Records from a collection:
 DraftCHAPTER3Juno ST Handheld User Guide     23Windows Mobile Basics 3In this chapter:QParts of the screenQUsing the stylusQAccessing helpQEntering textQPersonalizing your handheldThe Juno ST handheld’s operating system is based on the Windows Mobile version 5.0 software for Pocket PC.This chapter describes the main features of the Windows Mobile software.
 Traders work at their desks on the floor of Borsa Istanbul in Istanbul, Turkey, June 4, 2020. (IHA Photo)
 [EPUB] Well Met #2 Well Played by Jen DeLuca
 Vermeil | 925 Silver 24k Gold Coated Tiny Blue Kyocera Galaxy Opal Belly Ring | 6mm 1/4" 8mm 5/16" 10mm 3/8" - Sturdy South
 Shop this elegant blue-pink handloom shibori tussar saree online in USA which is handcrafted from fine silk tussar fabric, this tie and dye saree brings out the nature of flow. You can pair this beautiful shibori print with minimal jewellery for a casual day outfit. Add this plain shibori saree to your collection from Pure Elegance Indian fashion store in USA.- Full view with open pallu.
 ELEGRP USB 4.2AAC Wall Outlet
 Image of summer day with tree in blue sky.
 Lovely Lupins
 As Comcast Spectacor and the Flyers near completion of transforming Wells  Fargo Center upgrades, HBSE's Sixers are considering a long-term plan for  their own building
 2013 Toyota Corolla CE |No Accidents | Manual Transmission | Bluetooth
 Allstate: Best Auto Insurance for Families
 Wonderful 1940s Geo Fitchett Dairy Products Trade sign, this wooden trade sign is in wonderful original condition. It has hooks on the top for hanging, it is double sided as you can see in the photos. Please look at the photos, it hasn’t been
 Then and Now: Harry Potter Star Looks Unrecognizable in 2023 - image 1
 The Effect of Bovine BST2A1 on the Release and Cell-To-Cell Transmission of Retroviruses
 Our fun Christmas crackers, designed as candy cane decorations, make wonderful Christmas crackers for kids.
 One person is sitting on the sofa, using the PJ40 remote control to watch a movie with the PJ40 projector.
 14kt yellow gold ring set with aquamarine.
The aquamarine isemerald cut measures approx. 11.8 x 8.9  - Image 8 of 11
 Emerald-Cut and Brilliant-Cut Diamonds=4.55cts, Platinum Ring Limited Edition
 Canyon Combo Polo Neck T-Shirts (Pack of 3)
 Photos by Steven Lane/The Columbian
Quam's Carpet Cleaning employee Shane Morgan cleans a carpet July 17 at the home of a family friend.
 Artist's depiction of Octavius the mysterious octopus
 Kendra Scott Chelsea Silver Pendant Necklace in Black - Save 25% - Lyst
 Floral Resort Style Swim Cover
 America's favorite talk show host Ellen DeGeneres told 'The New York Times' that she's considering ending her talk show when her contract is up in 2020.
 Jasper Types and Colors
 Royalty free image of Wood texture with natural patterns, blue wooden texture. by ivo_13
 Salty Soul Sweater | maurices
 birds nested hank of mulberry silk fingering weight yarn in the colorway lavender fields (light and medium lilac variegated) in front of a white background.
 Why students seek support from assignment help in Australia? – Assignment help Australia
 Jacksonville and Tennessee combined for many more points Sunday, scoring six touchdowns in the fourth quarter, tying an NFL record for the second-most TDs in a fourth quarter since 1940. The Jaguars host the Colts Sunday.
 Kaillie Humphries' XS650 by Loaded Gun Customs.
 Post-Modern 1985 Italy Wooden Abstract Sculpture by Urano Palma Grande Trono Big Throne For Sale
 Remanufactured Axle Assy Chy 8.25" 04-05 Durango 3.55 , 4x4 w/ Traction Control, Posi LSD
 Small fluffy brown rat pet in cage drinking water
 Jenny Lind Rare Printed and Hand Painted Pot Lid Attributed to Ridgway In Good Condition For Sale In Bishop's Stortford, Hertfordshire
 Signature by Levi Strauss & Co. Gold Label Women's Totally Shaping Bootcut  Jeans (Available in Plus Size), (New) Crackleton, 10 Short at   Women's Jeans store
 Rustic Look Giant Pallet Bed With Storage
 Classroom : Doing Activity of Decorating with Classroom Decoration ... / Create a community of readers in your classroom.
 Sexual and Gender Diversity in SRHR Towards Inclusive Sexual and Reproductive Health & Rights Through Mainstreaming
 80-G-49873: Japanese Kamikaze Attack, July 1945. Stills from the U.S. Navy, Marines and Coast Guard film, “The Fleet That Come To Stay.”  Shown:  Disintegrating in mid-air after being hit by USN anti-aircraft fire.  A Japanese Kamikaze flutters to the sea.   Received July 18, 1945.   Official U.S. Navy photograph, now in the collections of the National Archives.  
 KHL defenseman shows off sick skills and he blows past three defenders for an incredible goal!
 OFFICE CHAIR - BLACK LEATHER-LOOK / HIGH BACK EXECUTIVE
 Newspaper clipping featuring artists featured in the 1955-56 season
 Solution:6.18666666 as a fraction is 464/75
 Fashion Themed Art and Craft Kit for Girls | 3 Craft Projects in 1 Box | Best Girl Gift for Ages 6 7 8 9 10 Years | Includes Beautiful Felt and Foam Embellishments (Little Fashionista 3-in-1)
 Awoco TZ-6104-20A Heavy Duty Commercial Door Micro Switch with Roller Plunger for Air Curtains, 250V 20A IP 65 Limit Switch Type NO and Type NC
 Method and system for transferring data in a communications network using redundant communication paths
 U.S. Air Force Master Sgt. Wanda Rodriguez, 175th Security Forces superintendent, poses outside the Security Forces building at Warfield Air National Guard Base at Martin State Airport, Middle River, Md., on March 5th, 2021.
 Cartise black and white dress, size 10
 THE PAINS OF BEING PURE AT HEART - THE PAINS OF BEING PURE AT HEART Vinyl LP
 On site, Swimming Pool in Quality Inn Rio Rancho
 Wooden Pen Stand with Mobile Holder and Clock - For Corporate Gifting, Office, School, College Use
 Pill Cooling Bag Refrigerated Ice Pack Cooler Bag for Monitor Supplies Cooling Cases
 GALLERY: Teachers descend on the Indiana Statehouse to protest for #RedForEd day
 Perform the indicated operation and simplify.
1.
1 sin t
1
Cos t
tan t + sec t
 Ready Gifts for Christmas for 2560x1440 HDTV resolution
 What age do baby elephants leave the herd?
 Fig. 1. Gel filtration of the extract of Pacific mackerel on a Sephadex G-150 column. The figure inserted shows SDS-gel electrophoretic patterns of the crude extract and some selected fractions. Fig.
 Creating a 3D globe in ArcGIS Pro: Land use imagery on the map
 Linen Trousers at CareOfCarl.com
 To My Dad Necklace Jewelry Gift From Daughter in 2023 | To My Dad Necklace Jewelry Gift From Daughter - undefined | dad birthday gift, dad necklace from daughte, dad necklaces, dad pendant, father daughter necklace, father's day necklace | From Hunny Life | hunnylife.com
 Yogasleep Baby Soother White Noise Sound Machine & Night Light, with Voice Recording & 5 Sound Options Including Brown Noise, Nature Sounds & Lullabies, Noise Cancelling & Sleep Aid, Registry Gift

**What you have to do:** The string "Silver" may appear in the entries. Say how many lines contain it, as a bare number.

**Answer to the problem:** 2